[Disagg] Non-blocking `try_ensure_parallel_info` in pending queue, consolidate rank mapping into `PrefillServerInfo` by ShangmingCai · Pull Request #20785 · sgl-project/sglang

ShangmingCai · 2026-03-17T13:23:58Z

Summary

add() becomes a pure cache lookup — no network calls, no blocking
try_ensure_parallel_info() is only called in _resolve_pending_reqs() during the scheduling cycle, with retry tracking and abort after max attempts
TP/CP/PP rank mapping computed once per bootstrap addr in CommonKVManager._resolve_rank_mapping() and stored on PrefillServerInfo, instead of recomputed per-receiver

Background

add() previously called ensure_parallel_info() which blocks up to 30s (5 retries × 1s sleep + 5s HTTP timeout)
Rank mapping was duplicated: computed in both ensure_parallel_info path and CommonKVReceiver.__init__(), with identical results

Changes

Non-blocking ensure (conn.py)

Replace blocking ensure_parallel_info() (retry loop + time.sleep) with try_ensure_parallel_info() — single attempt, no sleep

Pending queue as the single ensure site (decode.py)

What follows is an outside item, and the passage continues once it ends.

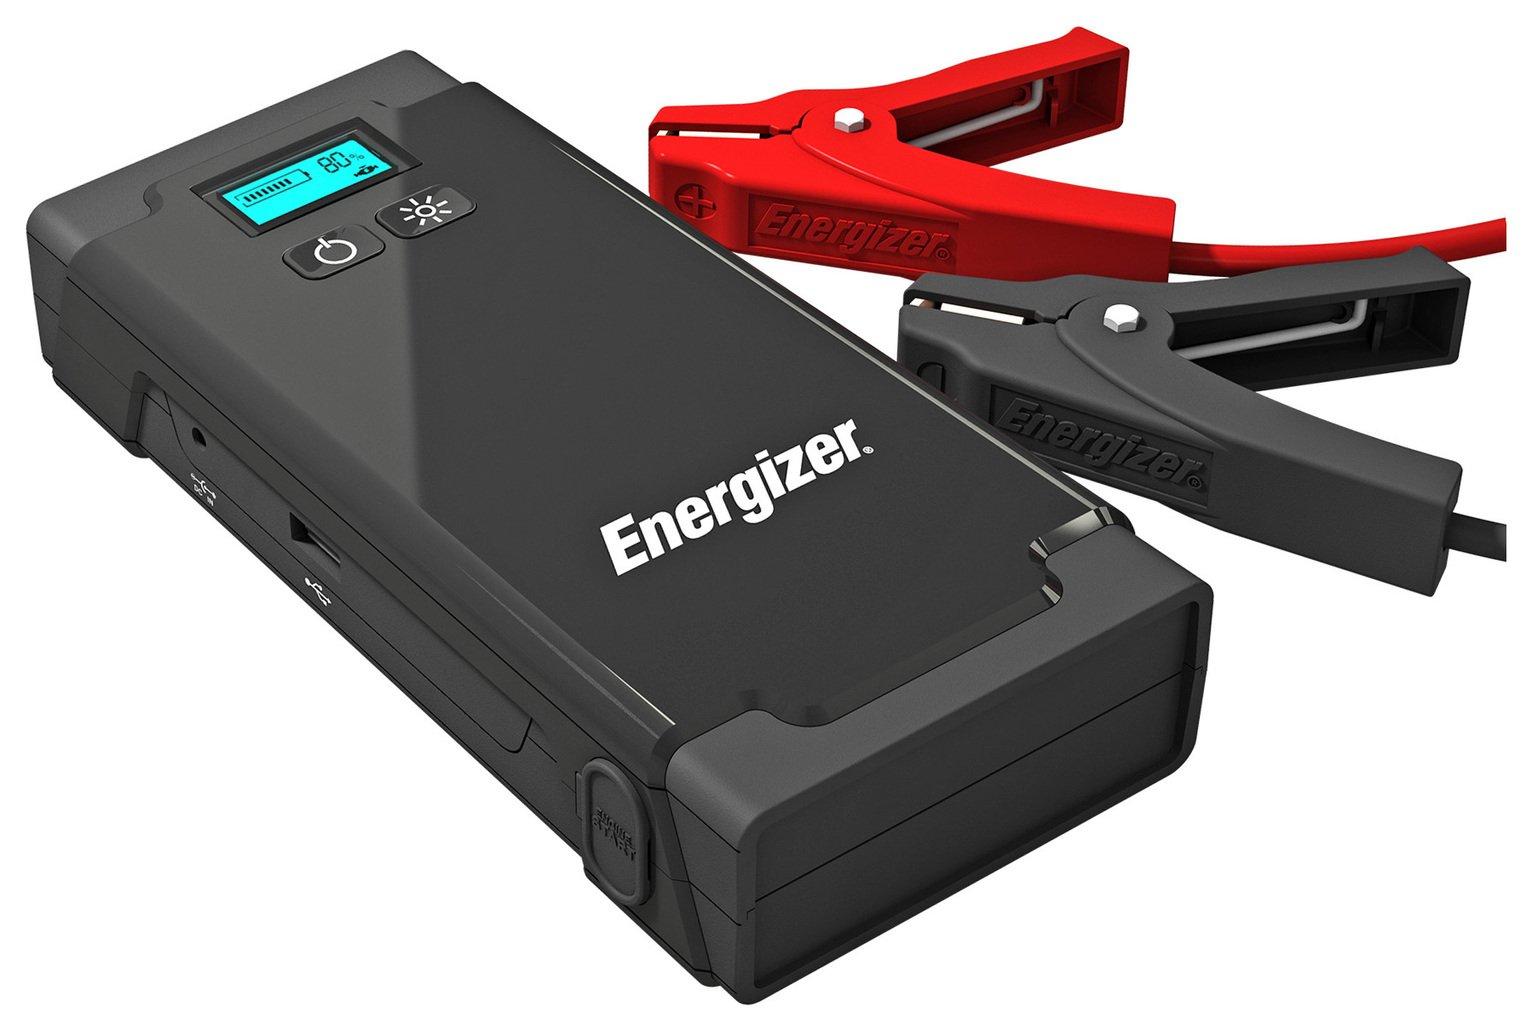 Energizer 12V Jump Starter

add() fast path: cache-only _resolve_prefill_dp_rank() → enqueue or append to pending_reqs
_resolve_pending_reqs() is the only place that calls try_ensure_parallel_info(), split into two passes:
1. _ensure_prefill_info(): per-addr non-blocking fetch with retry counter, abort after 30 cycles
2. dp rank resolution: local resolve → batch query_prefill_dp_ranks fallback

Unified rank mapping (conn.py)

Add _resolve_rank_mapping() on CommonKVManager — computes TP/CP/PP mapping once and stores on PrefillServerInfo
CommonKVReceiver.__init__() now reads pre-computed mapping instead of recomputing

Signed-off-by: Shangming Cai <csmthu@gmail.com>

ShangmingCai · 2026-03-17T13:24:12Z

/rerun-stage stage-c-test-8-gpu-h20

gemini-code-assist · 2026-03-17T13:24:16Z

Summary of Changes

Hello, I'm Gemini Code Assist¹! I'm currently reviewing this pull request and will post my feedback shortly. In the meantime, here's a summary to help you and other reviewers quickly get up to speed!

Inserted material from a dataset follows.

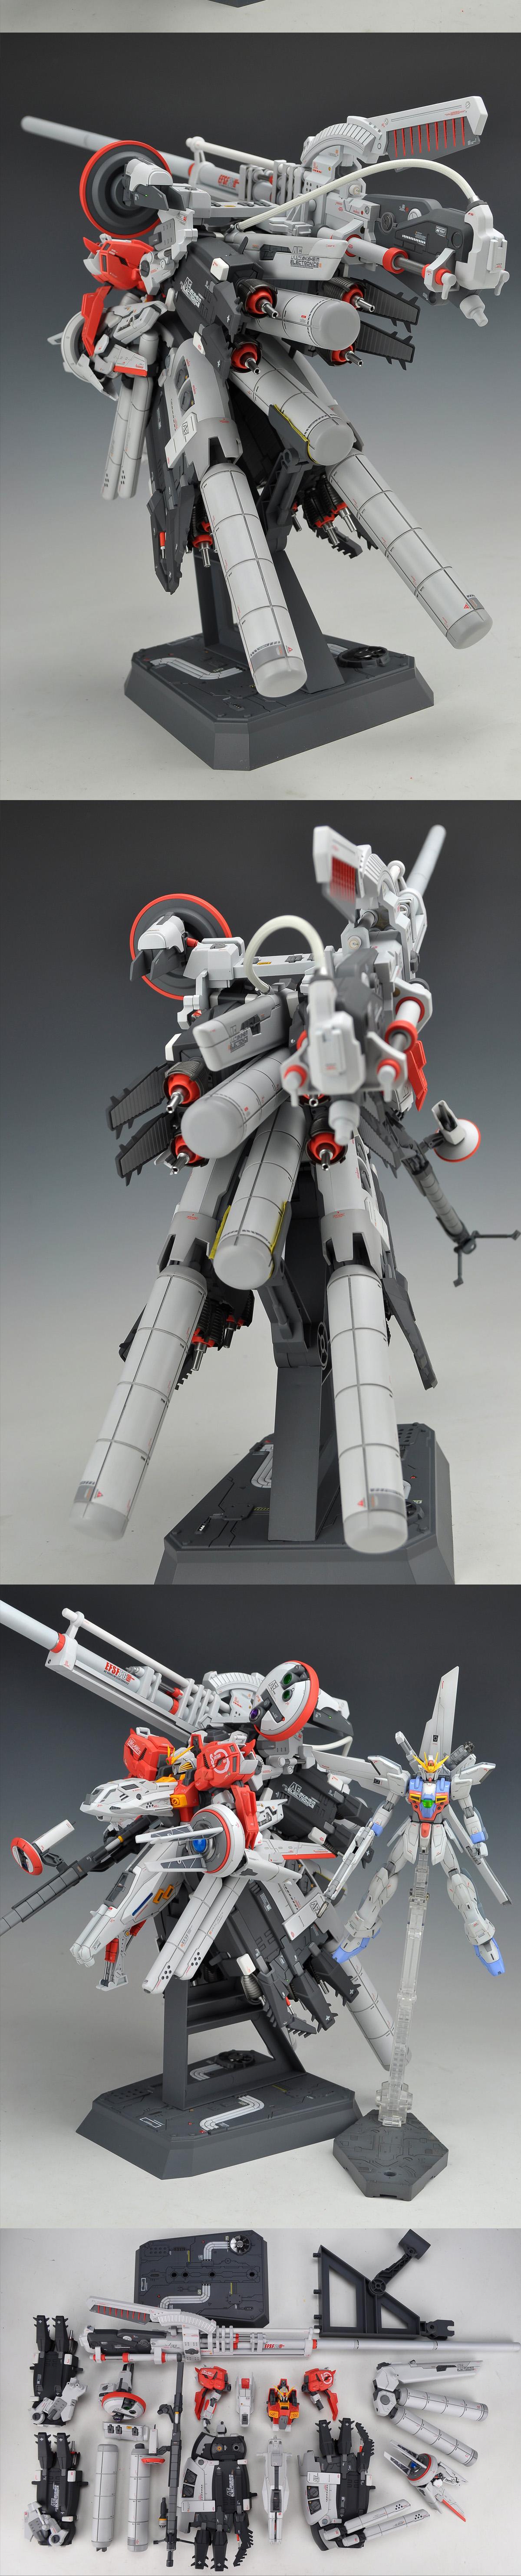 ace-a-008.jpg

This pull request refactors the handling of parallel information and data parallel (DP) rank resolution within the disaggregation system. The changes aim to remove redundant checks and centralize the process of determining DP ranks for pending requests, leading to a cleaner and potentially more efficient request processing flow.

Highlights

Redundant ensure_parallel_info removal: The ensure_parallel_info function call has been removed, streamlining the check for prefill parallel information by directly querying the prefill_info_table.
DP rank resolution optimization: The logic for resolving data parallel (DP) ranks has been centralized within _resolve_pending_reqs to prevent redundant calls to _resolve_prefill_dp_rank and improve efficiency.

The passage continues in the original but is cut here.